I was beginning to think that my children were snacking on crayons between meals.
Last August just as school was starting we bought 10 packs of crayolas that were on sale at Wal-mart 4 for $1. I just knew that this surplus of crayons would last us well through the school year...I was wrong.
About Christmas time, as we were ready to make things to decorate the house, I realize that all of the new crayolas are gone.
Every new pack had been emptied and there were only about a half-a-dozen broken crayons in the tub....hmmmm?
After Christmas we restocked with another 5 pack to finish out the school year.
As of last week we were again crayon poor. Where in the world are they going if the kids aren't eating them?!
Over the weekend we bought 5 more boxes of crayons and have them under lock and key...and we didn't bother splurging on our favorite brand. What's the point?! The crayolas don't last any longer around here than the awful ones that are like coloring with a birthday candle, so why spend the money?
I decided that the lost crayons were in another dimension somewhere along with at least one set of keys, my library card, our marriage liscence, and a plethora of missing socks...apperantly a universe that isn't accepting of matching socks as many lonely mates are left to linger in the bottom drawer of my dresser...
but that's a tale for another time.
Today we tackled the children's playroom. I hadn't remembered that there was carpet in there, I hadn't seen it in so long! What a lovely surprise.
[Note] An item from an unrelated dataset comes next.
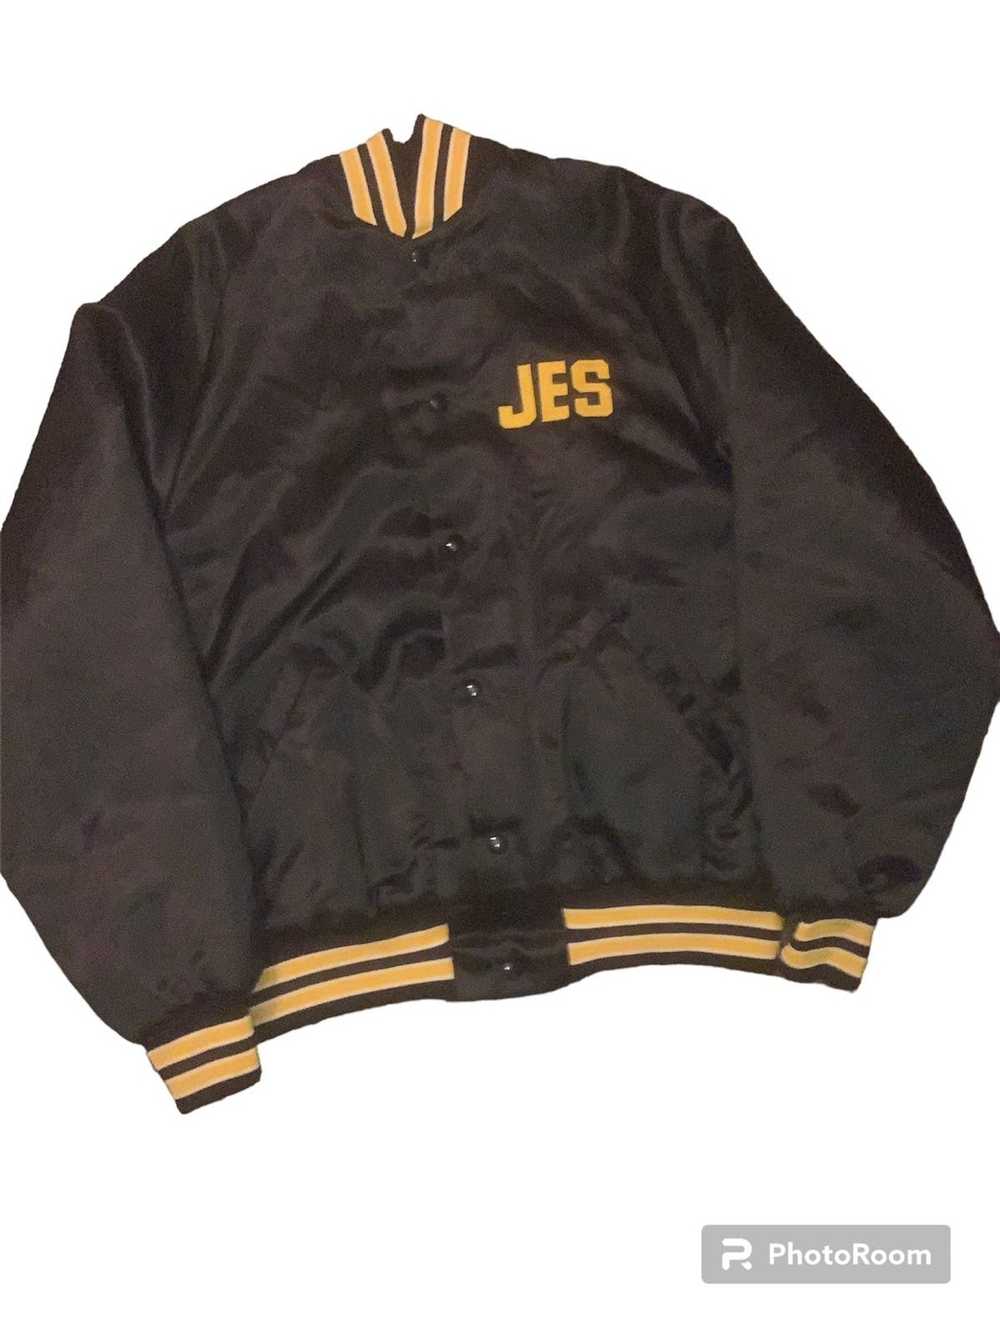 Vintage 1980’s “JES” Varsity Jacket - image 1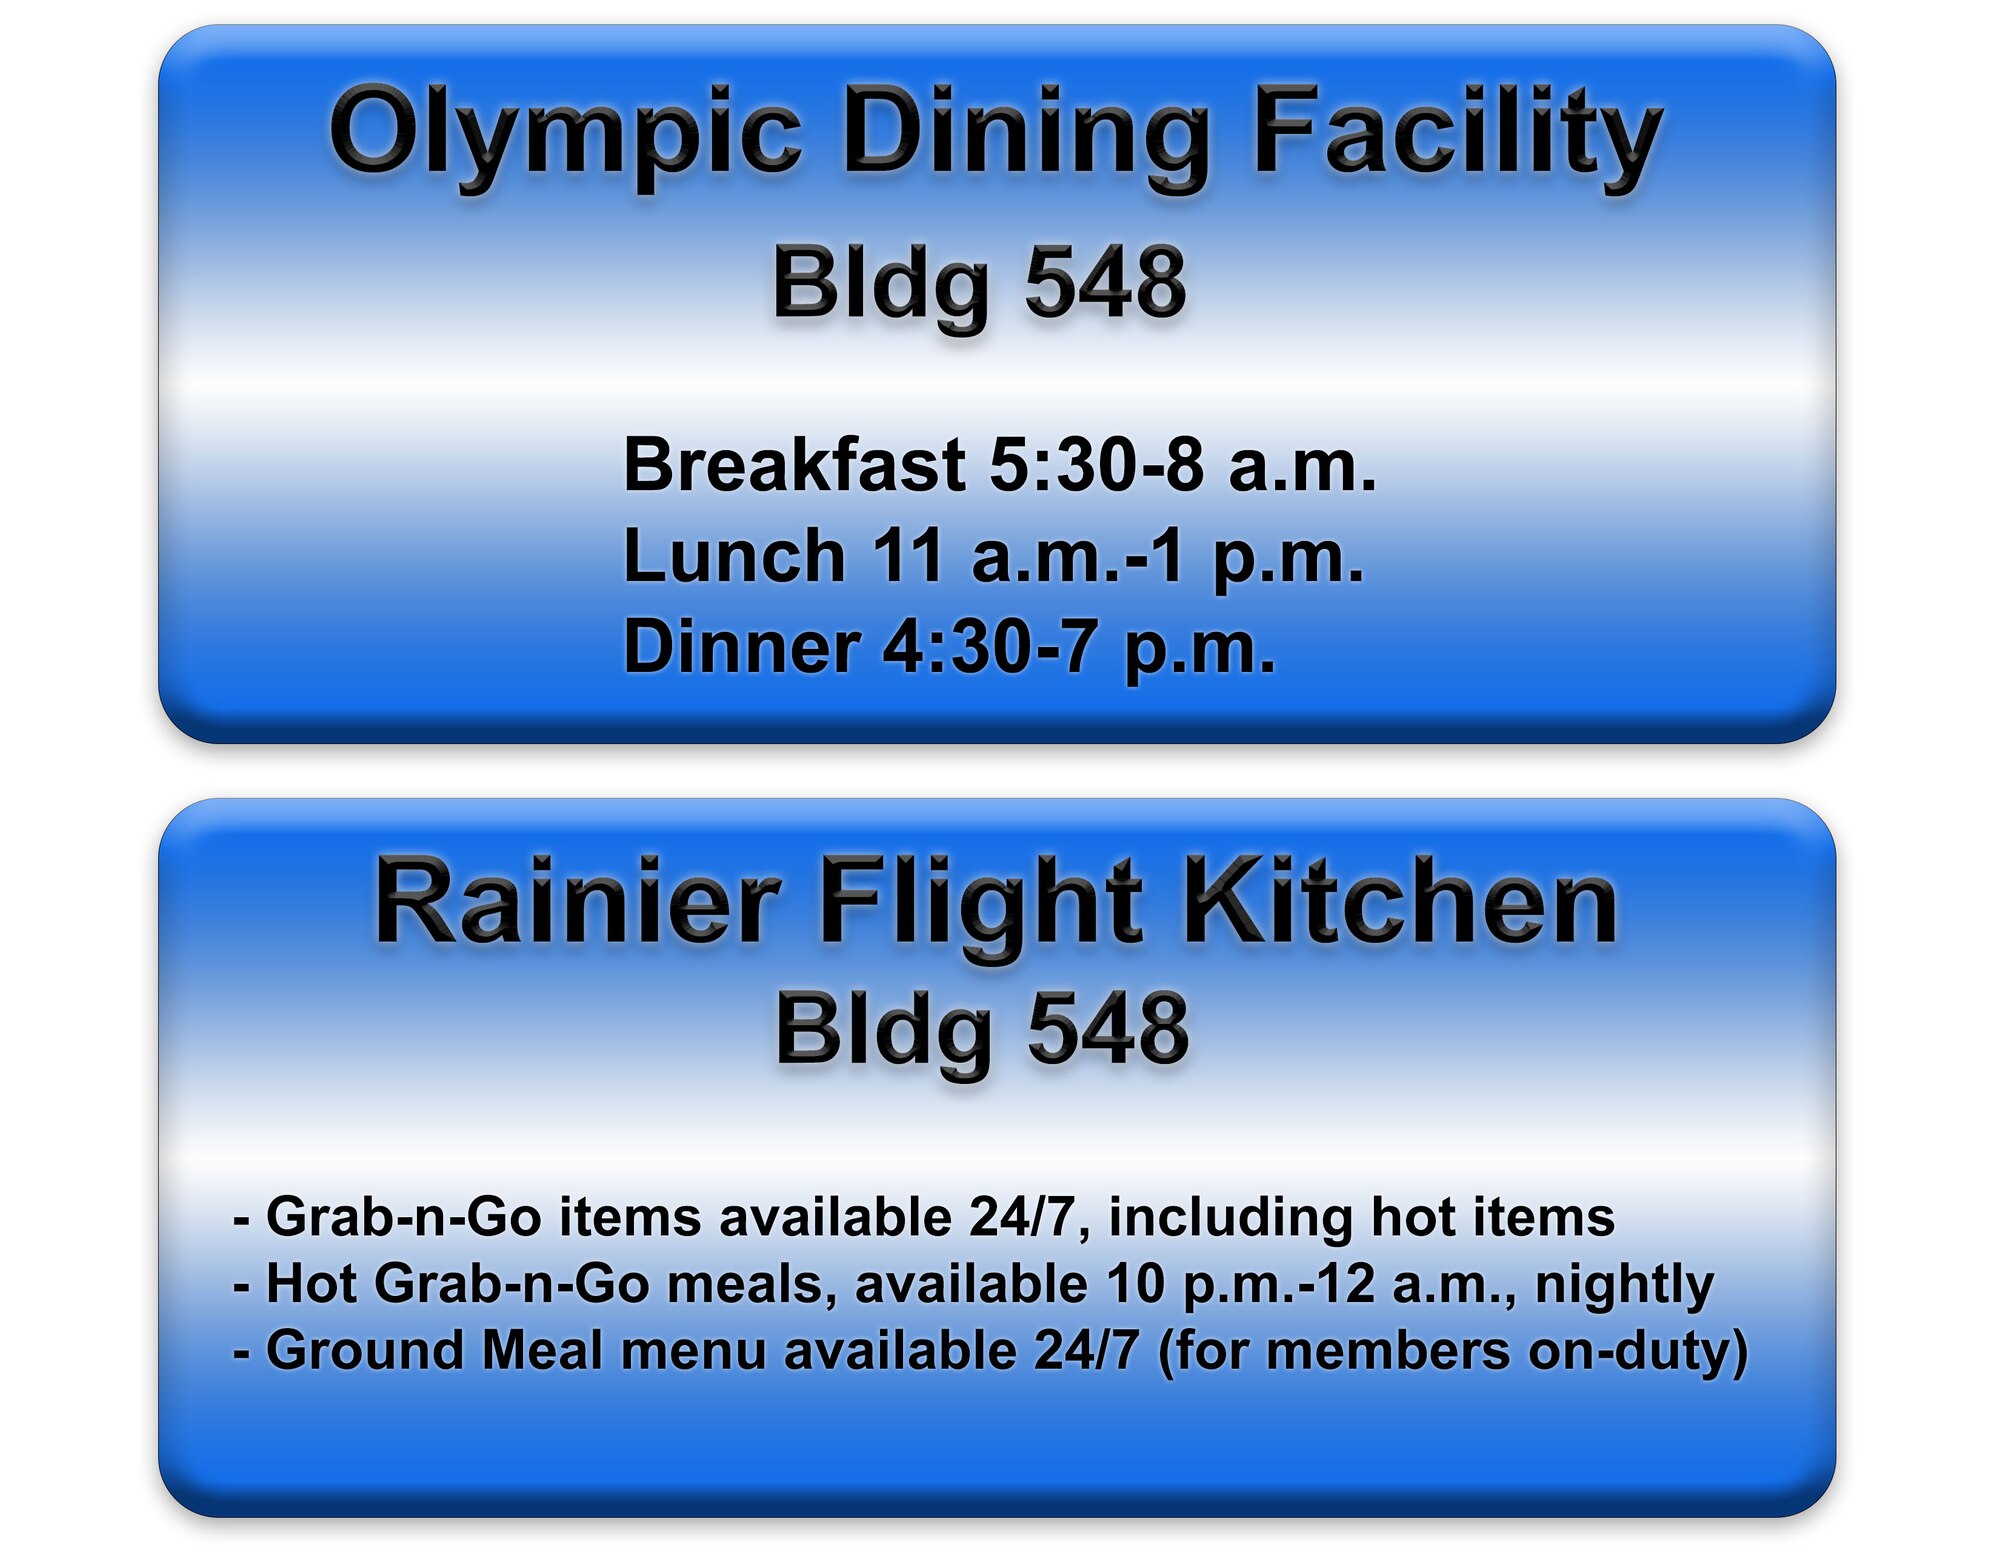 Olympic Dining Facility and Rainier Flight Kitchen info

My kids are blessed to have an assortment of little tykes type plastic ride on toys in thier playroom from the collection I began to furnish the daycare center I had thought I would be starting a few years ago. Among thier collection is a tug boat, a couple of mind-numbing musical ride ons, a slide and a funky blue rocking horse. As we began to find carpet under the mass of toys and junk, a desire grew to clean out the room and sweep the floor. (Our vacuum recently bit the dust, but again- that's another story...) My dh started lugging the big stuff out when there was a strange rattling from the funky blue horse...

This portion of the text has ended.